Adlington’s natural habitats and wildlife
The area around Adlington contains a rich and varied landscape: small irregular fields with tall hedgerows, in-field trees, scattered ponds, meadows, streams and woodlands. According to the Cheshire Wildlife Trust (CWT), Adlington has close to triple the woodland coverage of the Cheshire average and a particularly high number of woodland patches between fields and along brooks 1.
This landscape supports a wide variety of wildlife. Ancient and semi-natural woodlands provide habitat for woodland birds, mammals, insects, fungi and native woodland flora. Farmland and hedgerows offer nesting and feeding sites for farmland birds like lapwing, and corridors for pollinators and small mammals. Ponds, streams and riparian (area between land and a river or stream) strips support amphibians, aquatic insects and other species dependent on wet or damp habitats. Local reporting has identified species such as the rare lesser spotted woodpecker, woodland flowers, farmland birds and amphibians all using these habitats 1 2.

Importantly, these habitats connect across the landscape. Hedgerows, woodlands and waterways form a network that links the foothills of the Peak District National Park with the lower-lying Cheshire Plain. This connectivity allows wildlife to move, feed and reproduce across a broad area rather than being confined to isolated patches 3.
What would be lost under the new-town proposal
The proposed Adlington New Town would place around 14,000–20,000 new homes on roughly 1,000 hectares of mostly greenfield land. This would almost certainly destroy or fragment large parts of the existing habitat network 4 5.
Woodlands, hedgerows, in-field trees, ponds, streams and meadow areas would be replaced by housing and infrastructure. Such a change would break habitat connections, removing corridors wildlife relies on for migration, foraging and breeding. Species dependent on woodland, farmland, hedgerow, wetland or riparian habitats would lose vital homes.
The Myth of “Biodiversity Net Gain”
Developers promise “biodiversity net gain”, claiming that for every mature tree felled, new saplings will be planted nearby. Experts say this is a dangerous misconception that disguises permanent environmental damage behind a façade of green language 6. Under current planning rules, councils must consider biodiversity and sustainability when approving major developments 7. Developers exploit this by presenting plans full of tree-planting schemes and landscaped green spaces, arguing that any lost woodland will be “replaced.” On paper, that sounds reassuring. In reality, it’s little more than a box-ticking exercise. “We’re not really losing trees; we’re replacing them with new ones” developers say. The truth is: you can plant trees, but you can’t plant time. “Habitat creation” is a term used by the developer’s marketing team to appear environmentally friendly and ecologically sympathetic, to meet the council’s requirements in their application. Mature woodland is a living system, not just a collection of trees. It provides flood protection, soil stability, water purificaƟon, shade, biodiversity, and carbon storage, functions that saplings can’t replicate for decades, if ever 8.

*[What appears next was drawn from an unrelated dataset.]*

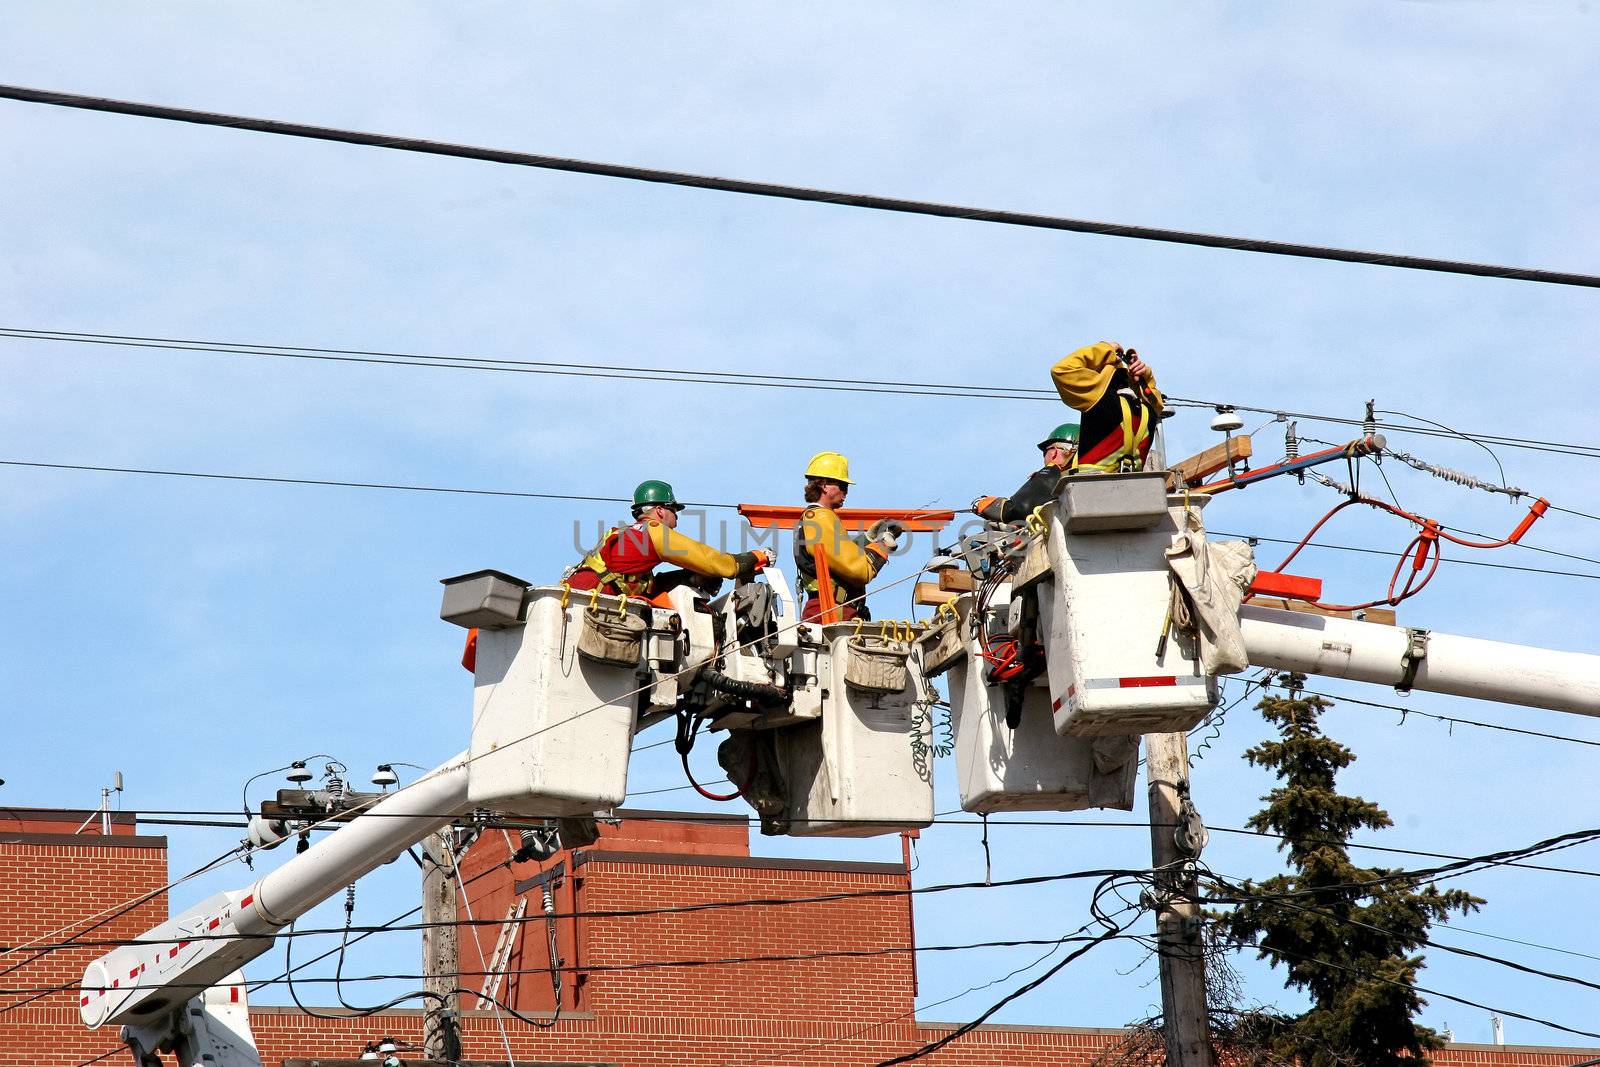 City workers repairing electrical overhead wiring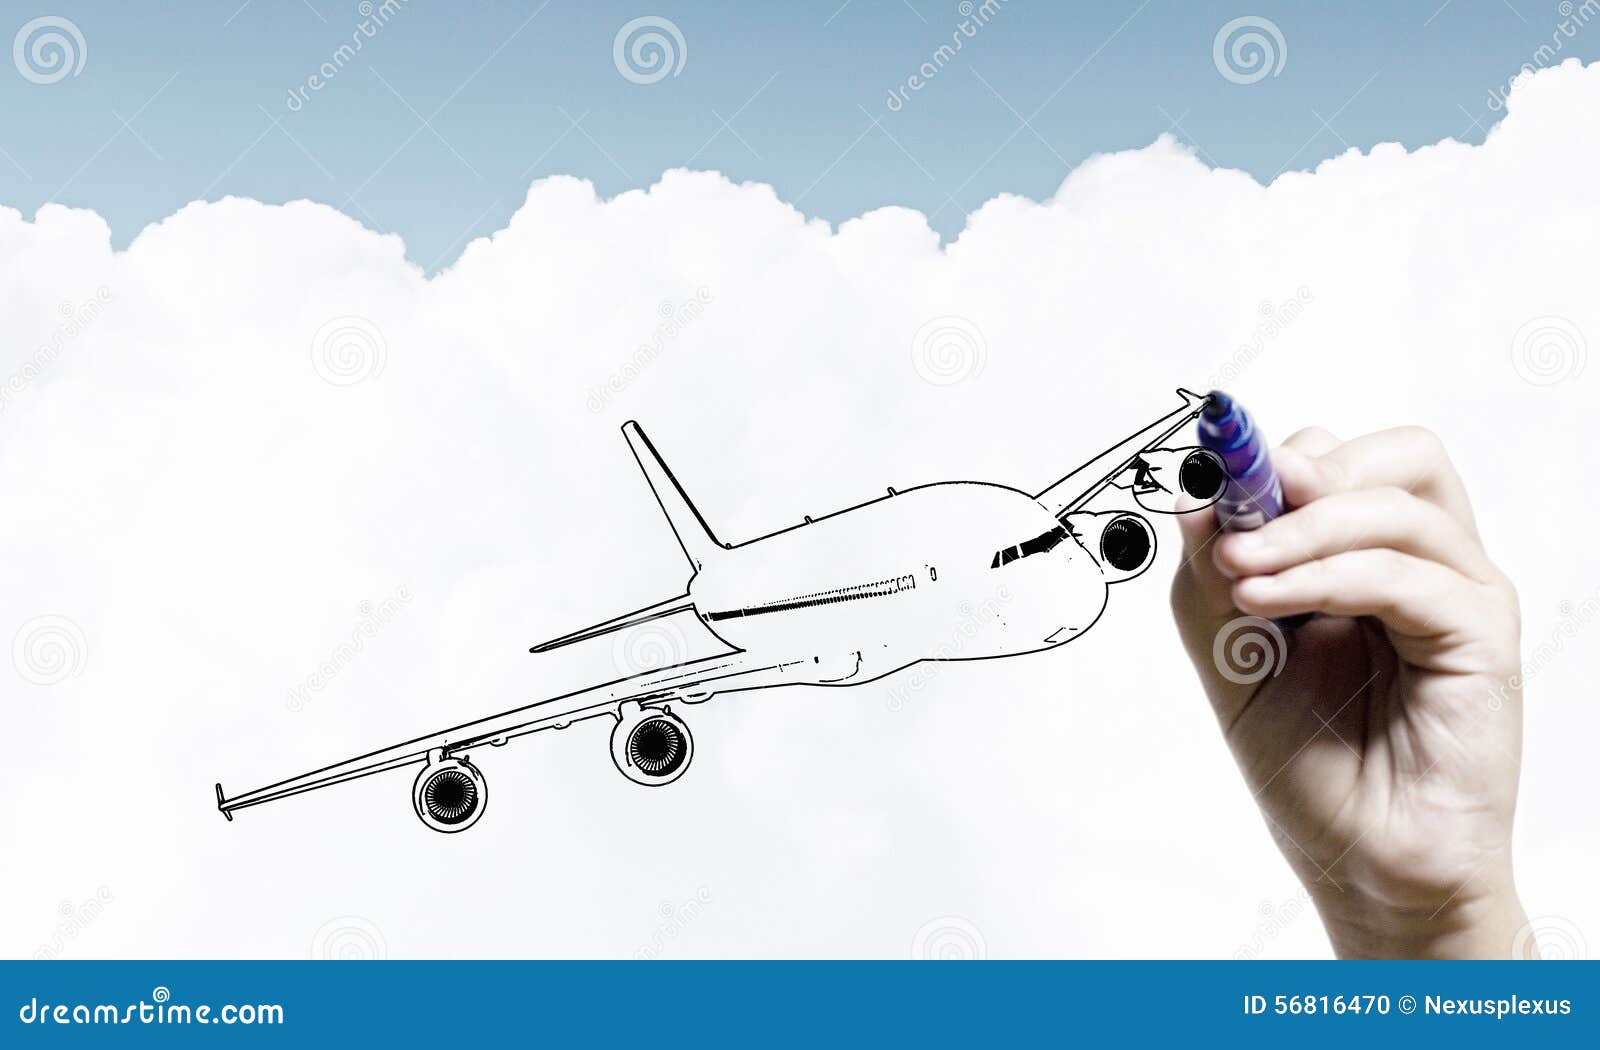 Drawn airplane stock photo. Image of modern, airplane - 56816470

Why Adlington deserves protection
Adlington is not just farmland awaiting development. It is a living ecosystem, with a complex and interwoven web of habitats that sustain diverse wildlife and allow natural processes — pollination, water regulation, species dispersal — to function across the landscape.
Destroying or fragmenting this network would not only eradicate many species locally but also diminish long-term ecological resilience and the natural heritage of the area. For these reasons the New Town proposal should be viewed as incompatible with the ecological value of Adlington.